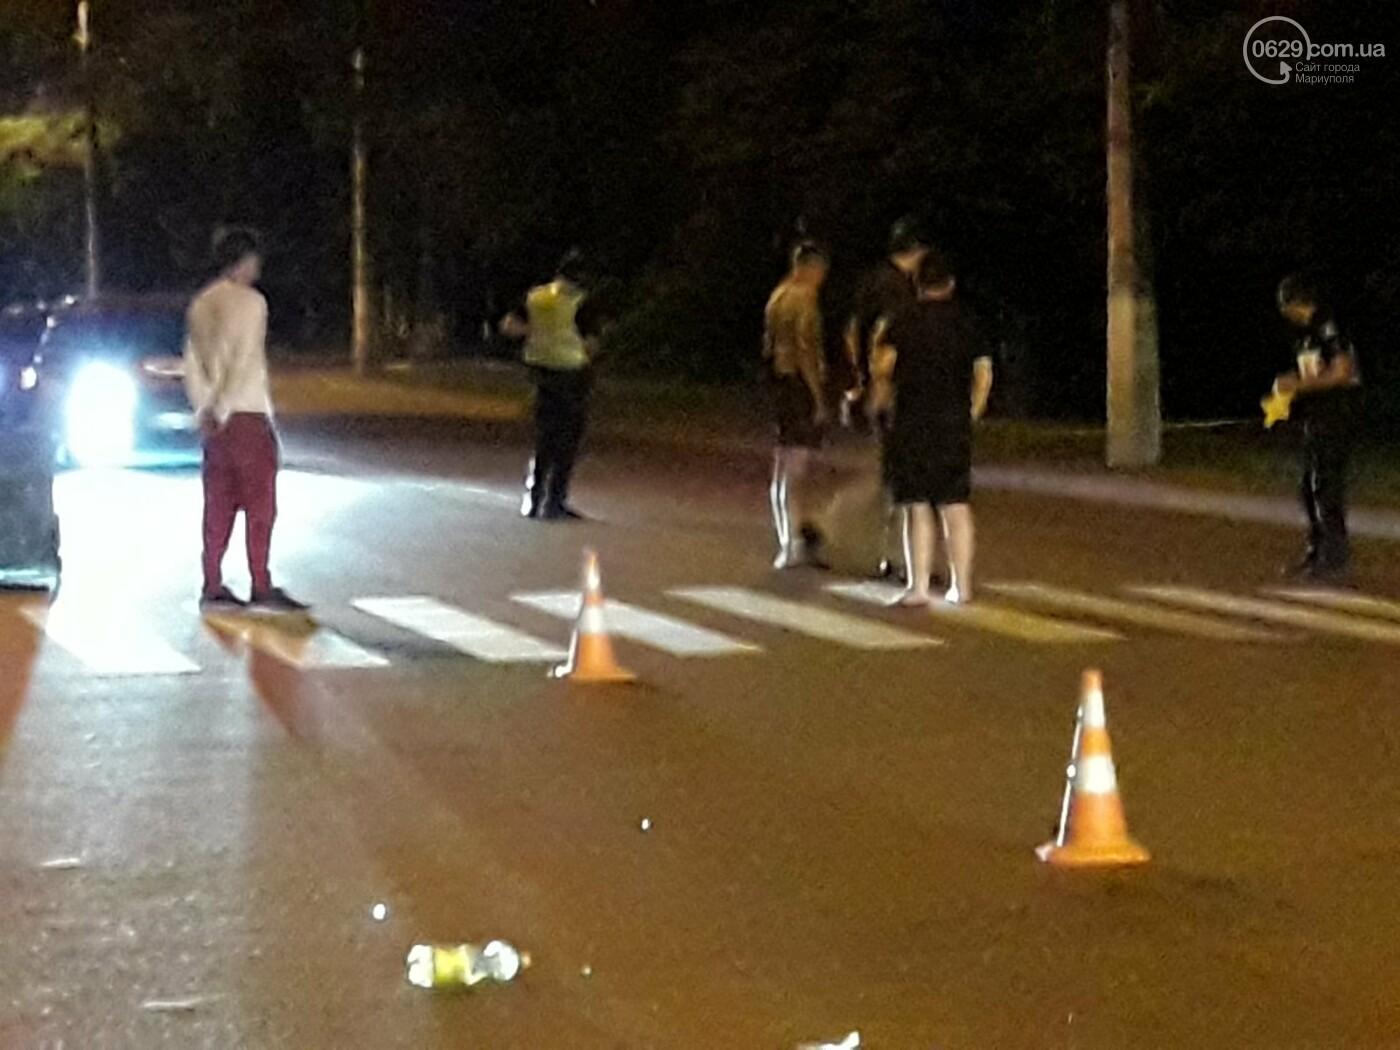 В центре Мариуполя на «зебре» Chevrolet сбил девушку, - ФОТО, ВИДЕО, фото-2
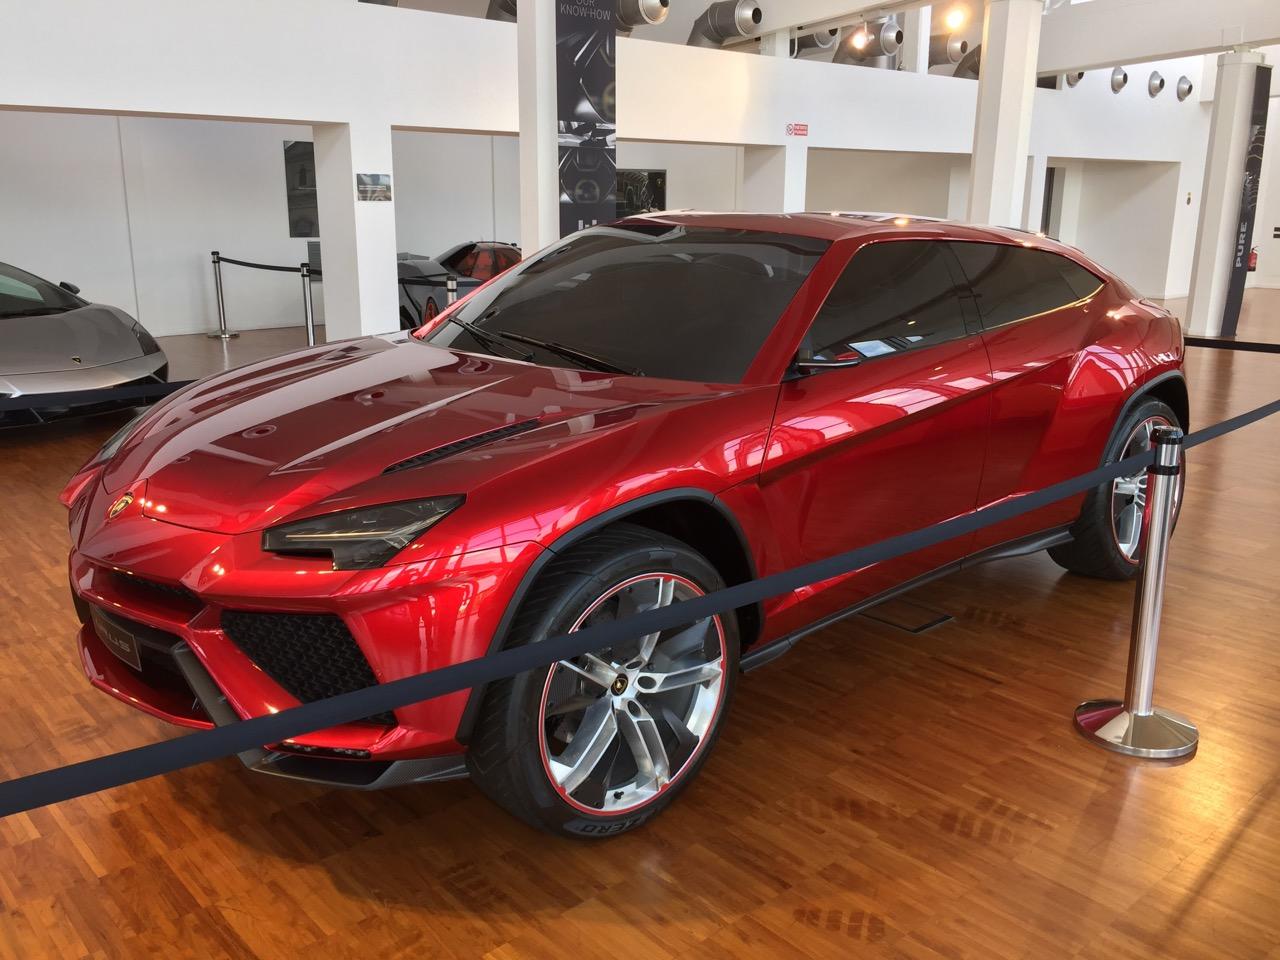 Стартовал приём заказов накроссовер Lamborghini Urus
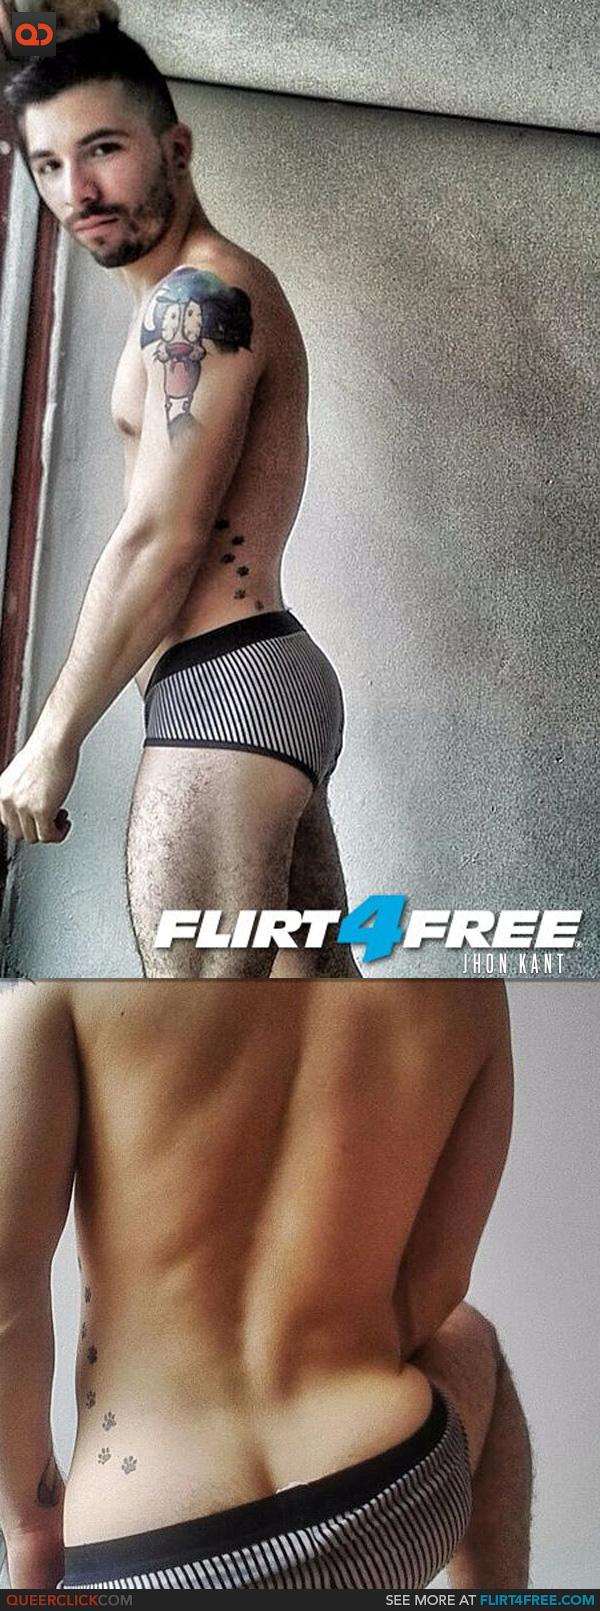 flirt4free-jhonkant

__Prompt__
When you retype the material above, copy each line exactly and drop whatever images appear in it.

__Solution to the exercise__
 В центре Мариуполя на «зебре» Chevrolet сбил девушку, - ФОТО, ВИДЕО, фото-2
 Стартовал приём заказов накроссовер Lamborghini Urus
 flirt4free-jhonkant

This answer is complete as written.